THE WHITE HOUSE
Office of the Press Secretary
PROTECTING OUR BEACHES AND COASTAL WATERS
To help protect the nation's beaches and coastal waters -- as well as public health -- Vice President Gore is announcing a new website listing beach advisories and closings, and a coordinated strategy to respond to toxic algal blooms. He and President Clinton also are calling on Congress to fully fund the Administration's Clean Water Action Plan.
Despite significant progress in protecting our beaches, bays and coastal waters over the past quarter century, the job is not done. Many beaches and coastal areas remain threatened by bacterial contamination from sewage, polluted runoff from farms and city streets, and ocean dumping. Each year, thousands of beaches are closed to swimming because of pollution. And toxic algal blooms are choking marine life, threatening fishing and disrupting coastal economies.
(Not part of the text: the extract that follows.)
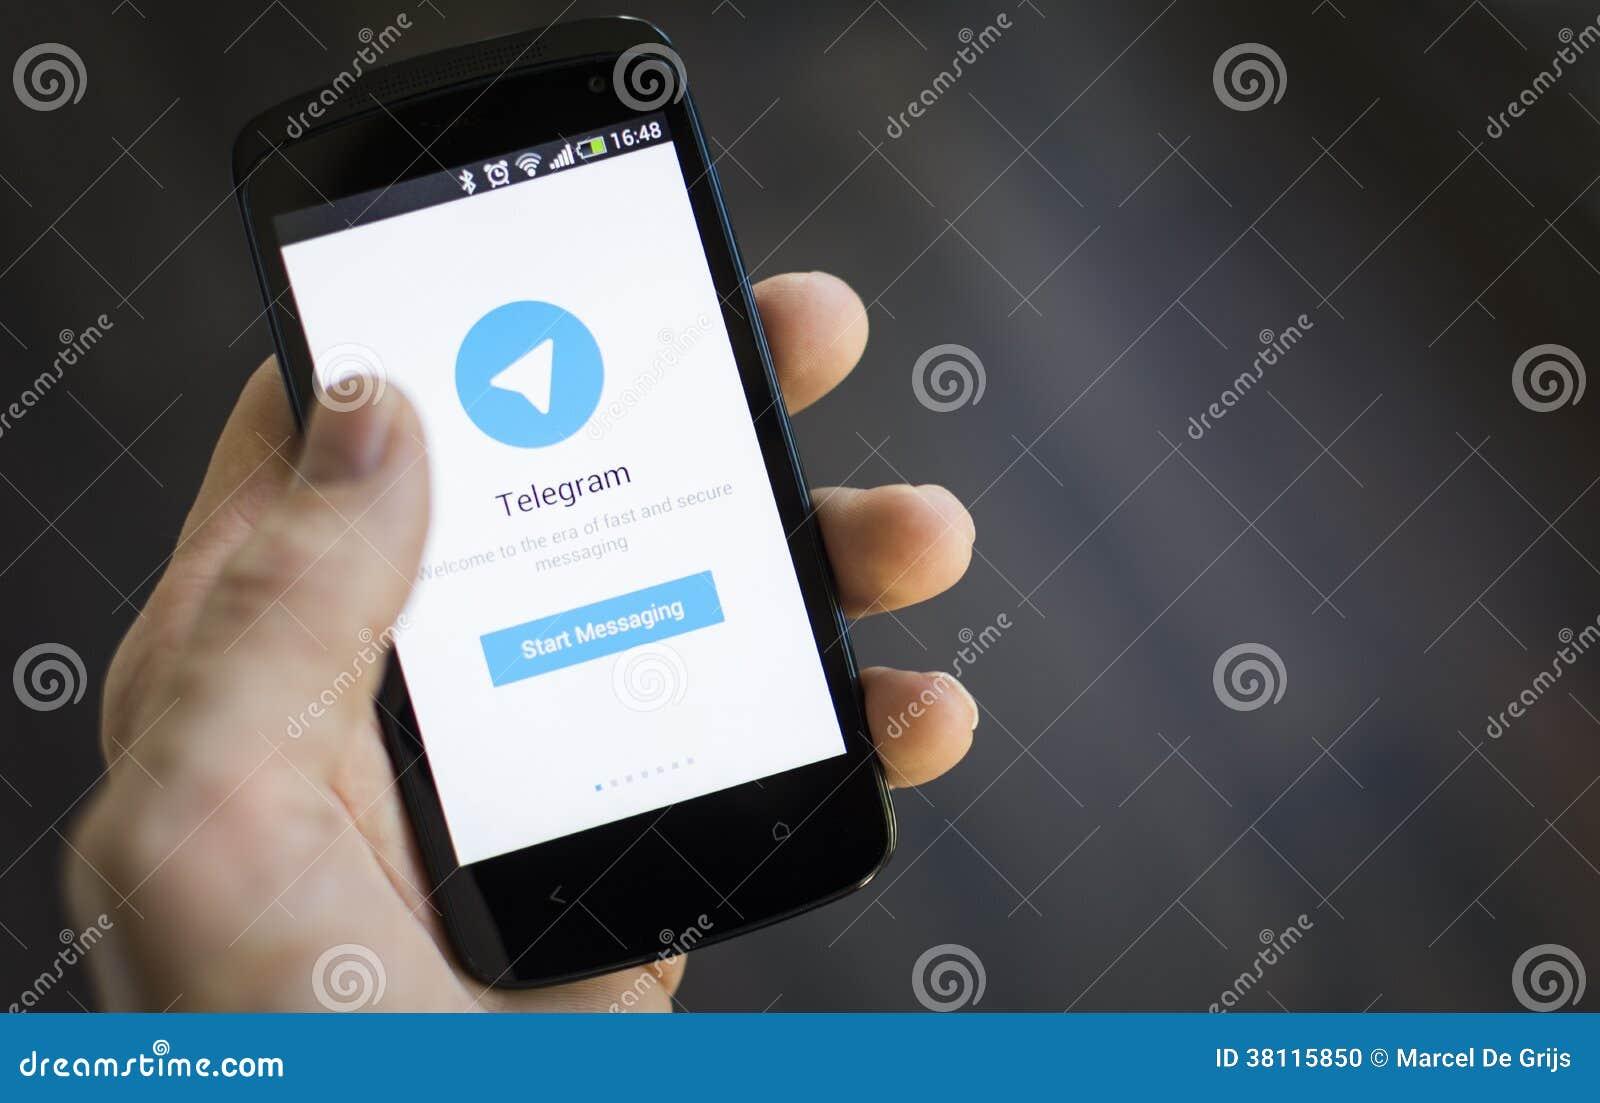 Telegram Mobile Application Editorial Image Image Of Send Messenger 38115850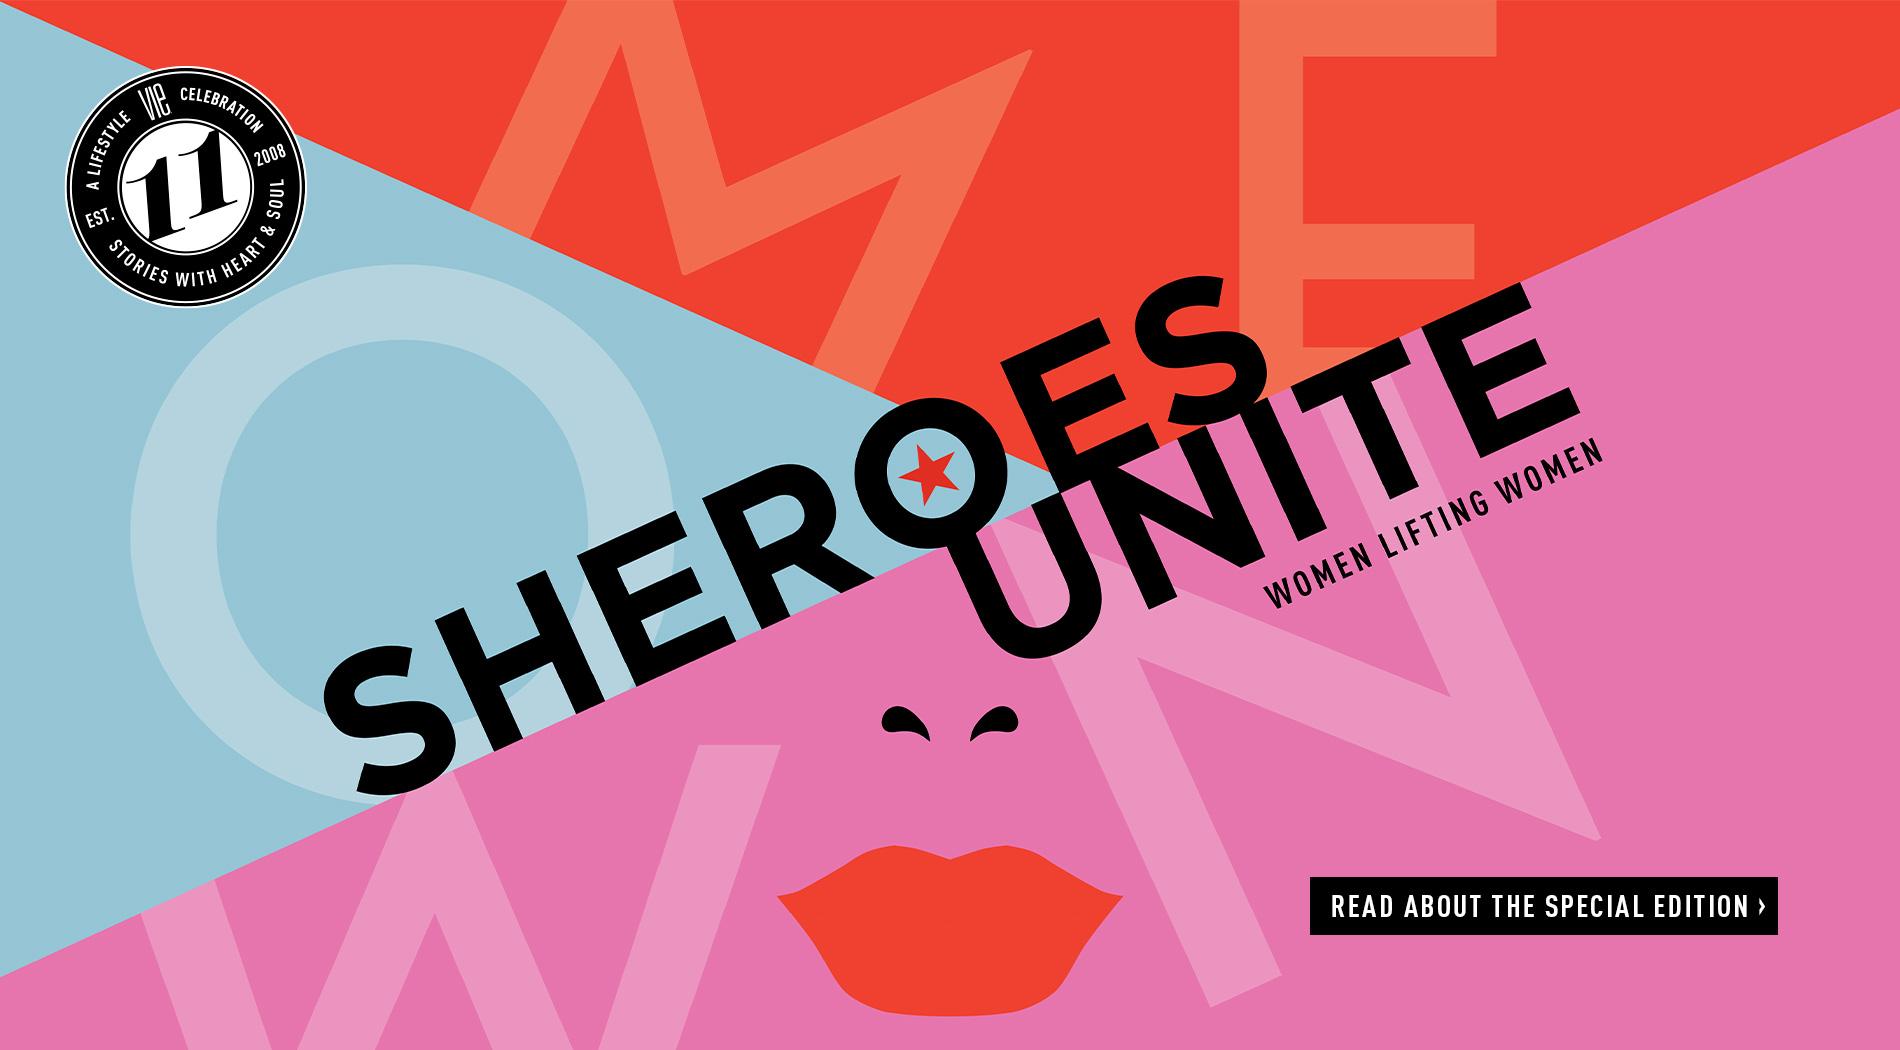 VIE Magazine - Women's Issue - December 2019 - Sheroes Unite, Special Women's Edition

In February, the President launched the Clean Water Action Plan -- a comprehensive blueprint for completing the job of cleaning our rivers, lakes and coastal waters. The plan will set strong goals and provide states, communities and landowners with the tools and resources to meet them.
New initiatives under the plan that will protect coastal areas include:
An Environmental Protection Agency website offers important information on beaches, including which beaches are monitored for microbial pollution, which have advisories issued because of pollution, and how to find out more. The new Beach Watch Program internet site is found at http://www.epa.gov/ost/beaches. A similar website site is being developed to provide easy access to national fish advisories. The Beach Action Plan is a five-year strategy to develop stronger, faster and more accurate beach monitoring programs for states, to strengthen beach water quality standards, to improve public access to information on beach water quality, and to increase research to address problems related to skin, upper respiratory tract, as well as eye, ear, nose and throat infections in swimmers. Federal agencies will develop a coordinated response system to support state and local efforts to address toxic algal blooms such as Pfiesteria, red and brown tides, and other harmful organisms. Agencies will work with states, academia, and others to implement the National Harmful Algal Bloom Research and Monitoring Strategy. Federal agencies will work with coastal states and territories to ensure that, by December 1999, they have developed enforceable plans to reduce polluted runoff in coastal areas.
Full Funding for Clean Water. The President's budget proposes an additional $568 million in fiscal year 1999 -- a 35 percent increase -- and a total increase of $2.3 billion over five years to carry out the Clean Water Action Plan. The President and Vice President are calling on Congress to approve those funds to ensure clean, healthy water for all Americans.